Die Förderung dieser Menschen sei besonders wichtig, weil sich bekanntlich derartige Erwerbsbiografien häufig vererben: Haben Großeltern und Eltern schon Hartz IV-Leistungen bezogen, ist die Wahrscheinlichkeit deutlich größer, dass Kindern und Enkeln später das Gleiche passiert. „Jedes dritte Kind in Duisburg steht in irgendeinem Kontext zum Hartz IV-Bezug.

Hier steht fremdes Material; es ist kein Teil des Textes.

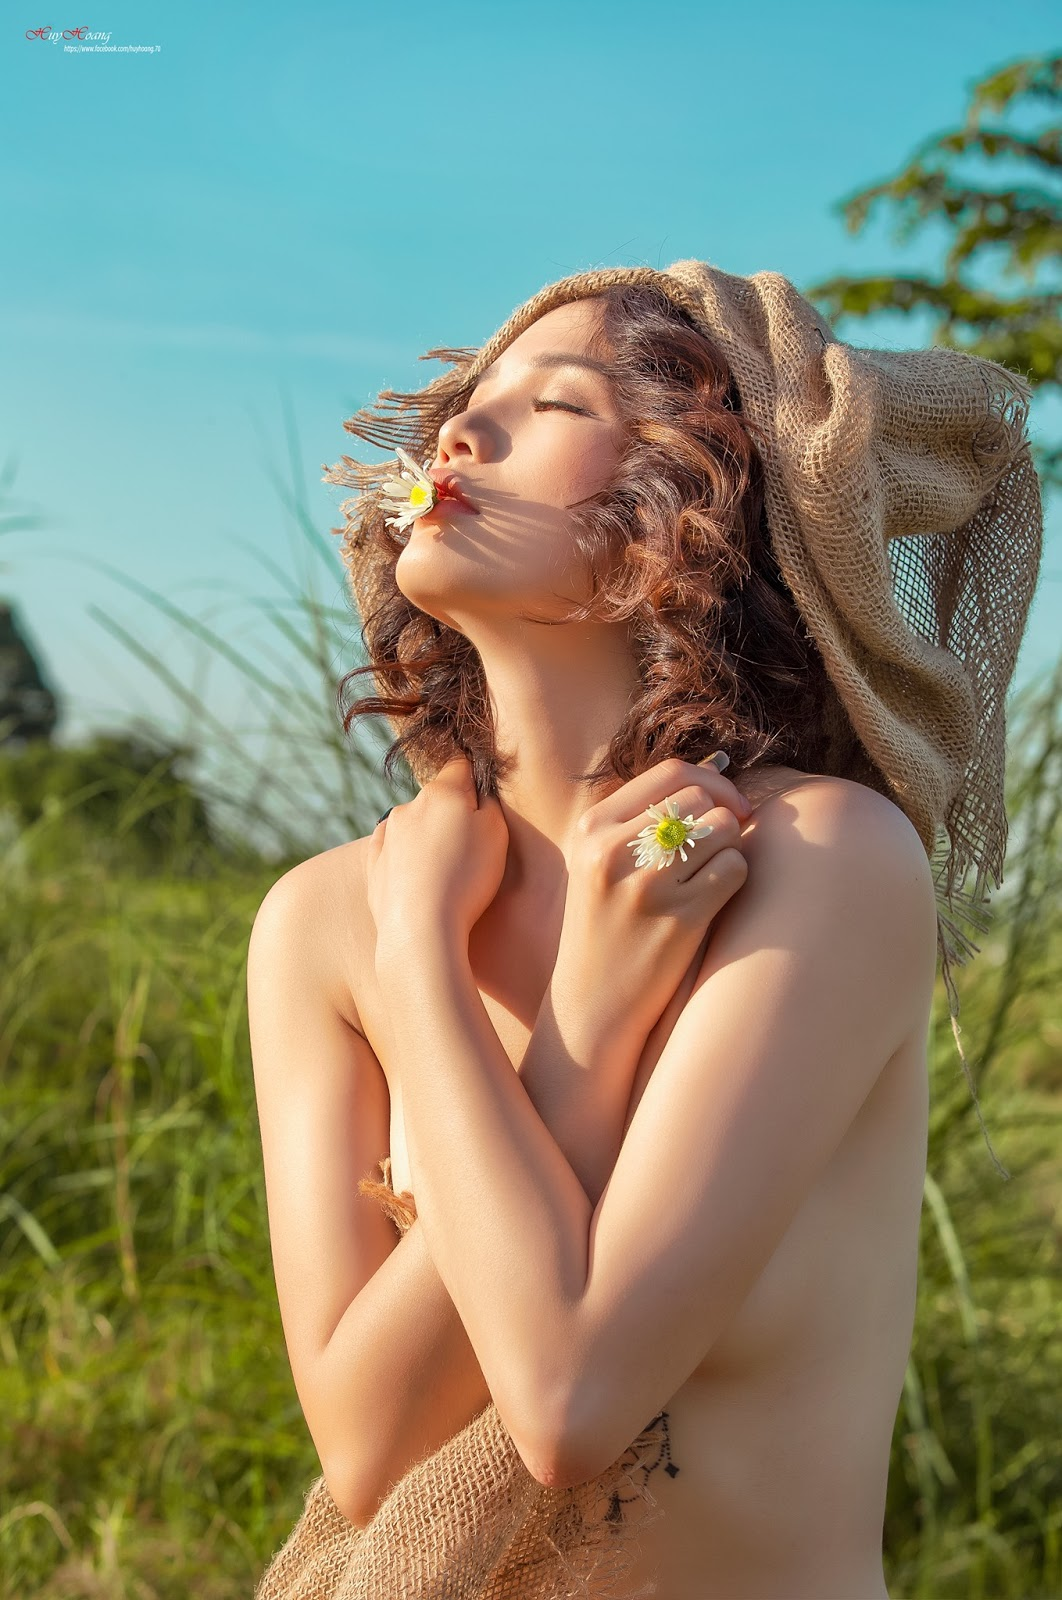 Cỏ và em @BaoBua: Việt Nam Nude Girl
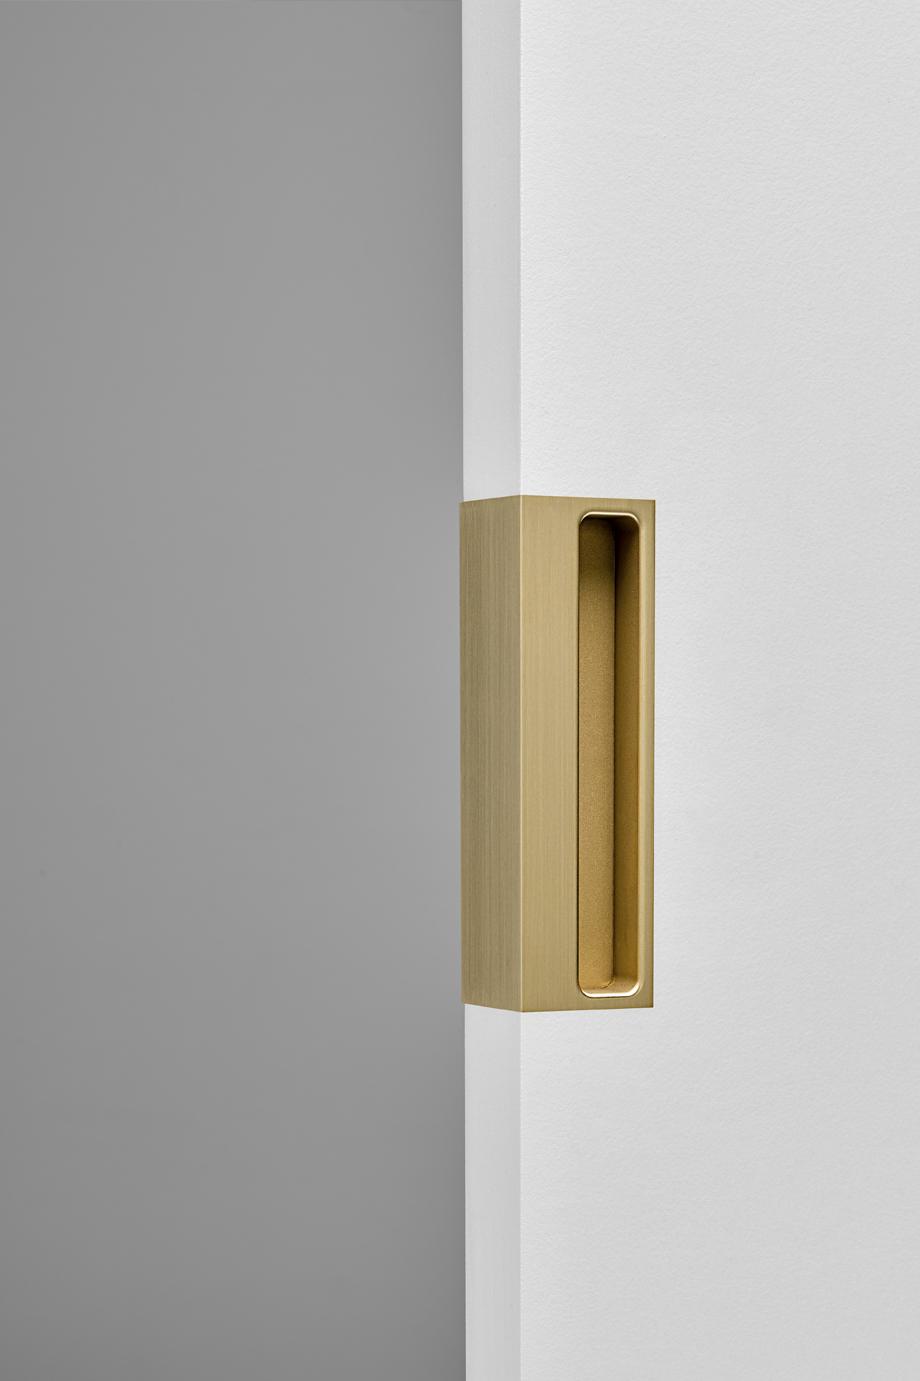 BitPart-Brooke Holm-Megan Morton-Brass-Flush Pull-Deep-150mm.jpg

Wenn wir das nachhaltig ändern wollen, müsste der Soziale Arbeitsmarkt deutlich ausgebaut werden“, sagt Astrid Neese.

Die SPD-Fraktion im Duisburger Stadtrat sieht das wohl ganz ähnlich: „Diese Menschen haben aufgrund ihrer beruflichen Auszeit häufig Schwierigkeiten, auf dem freien Arbeitsmarkt Fuß zu fassen. Die erfolgreiche Umsetzung eines staatlich geförderten „Sozialen Arbeitsmarktes“ bietet den Menschen eine sozialversicherungspflichtige und sinnstiftende Beschäftigung“, sagt Ratsfrau Andrea Demming-Rosenberg, Vorsitzende des Ausschusses für Arbeit, Soziales und Gesundheit.